Дэвис помолчал и, пыхтя, занялся своими ногами. Линкольн смотрел на него из-за свечи прищурившись.
— Держу три против одного за то, что вы не дотянетесь до большого пальца, — сказал он.
— Вы плохо изучили геометрию, Линкольн. Кстати, где вы пропадали целый месяц?
— Я был в родных местах.
— В родных местах? Говорят, что вы купили сто шестьдесят акров земли для вашей мачехи?
— Да, Дэвис, я это сделал уже давно. Это только слабая отплата за всю любовь и преданность доброй женщины. Сара Буш заменила мне мать.
— Вы объездили все западные графства. Вы собираете голоса для будущих выборов в конгресс?
Лицо Линкольна помрачнело.
— Я посетил могилу, на которой сейчас ещё можно разобрать надпись: «Здесь покоится прах Нэнси Линкольн». Когда-то там шумел дикий лес. Сейчас рядом шумит проезжая дорога.
— О да, — сдержанно сказал Дэвис, — а могилы моих родителей и вовсе исчезли. Такова эта страна.
— Я искал старых друзей. Кто уехал, кто постарел, а кого и вовсе нет. На обратном пути меня охватила такая тоска, что я написал стихи.
Судья приподнялся на локте:
— Вы? Стихи?
— Да, мой друг Дэвис, Авраам Линкольн написал стихи! И даже думает их напечатать в газете!
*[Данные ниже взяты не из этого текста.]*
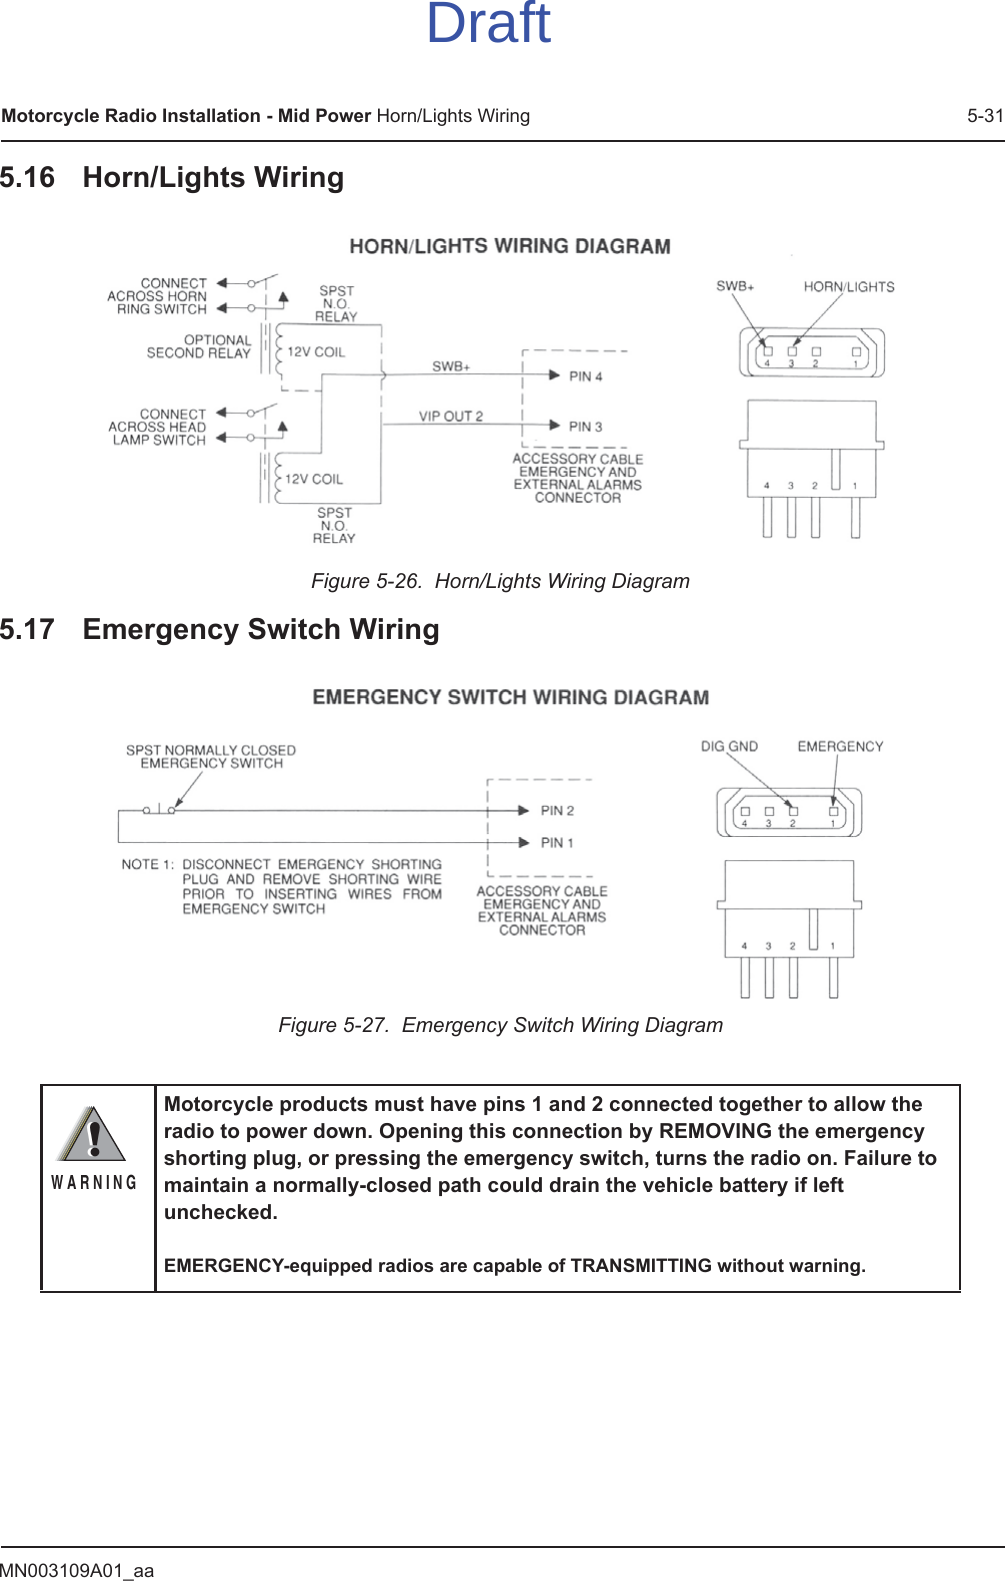 MN003109A01_aaMotorcycle Radio Installation - Mid Power Horn/Lights Wiring 5-315.16 Horn/Lights WiringFigure 5-26.  Horn/Lights Wiring Diagram5.17 Emergency Switch WiringFigure 5-27.  Emergency Switch Wiring DiagramMotorcycle products must have pins 1 and 2 connected together to allow the radio to power down. Opening this connection by REMOVING the emergency shorting plug, or pressing the emergency switch, turns the radio on. Failure to maintain a normally-closed path could drain the vehicle battery if left unchecked.EMERGENCY-equipped radios are capable of TRANSMITTING without warning.!W A R N I N G!Draft

— Знаете, это забавно, — сказал Дэвис. — И можно познакомиться с этим поэтическим произведением?
Линкольн порылся в седельной сумке, вытащил оттуда порядком потрёпанный том «Геометрии» Евклида и вытянул из книги листок.
— Послушайте, Дэвис, — сказал он. —
Лет двадцать минуло с тех пор,
Как я оставил их,
Леса, поля, отроги гор,
Товарищей моих.
А время, как лесной пожар,
Несётся по стране,
Кто молод был, тот нынче стар,
А кто сгорел в огне!
— Гм, для адвоката не так уж плохо, — сказал Дэвис.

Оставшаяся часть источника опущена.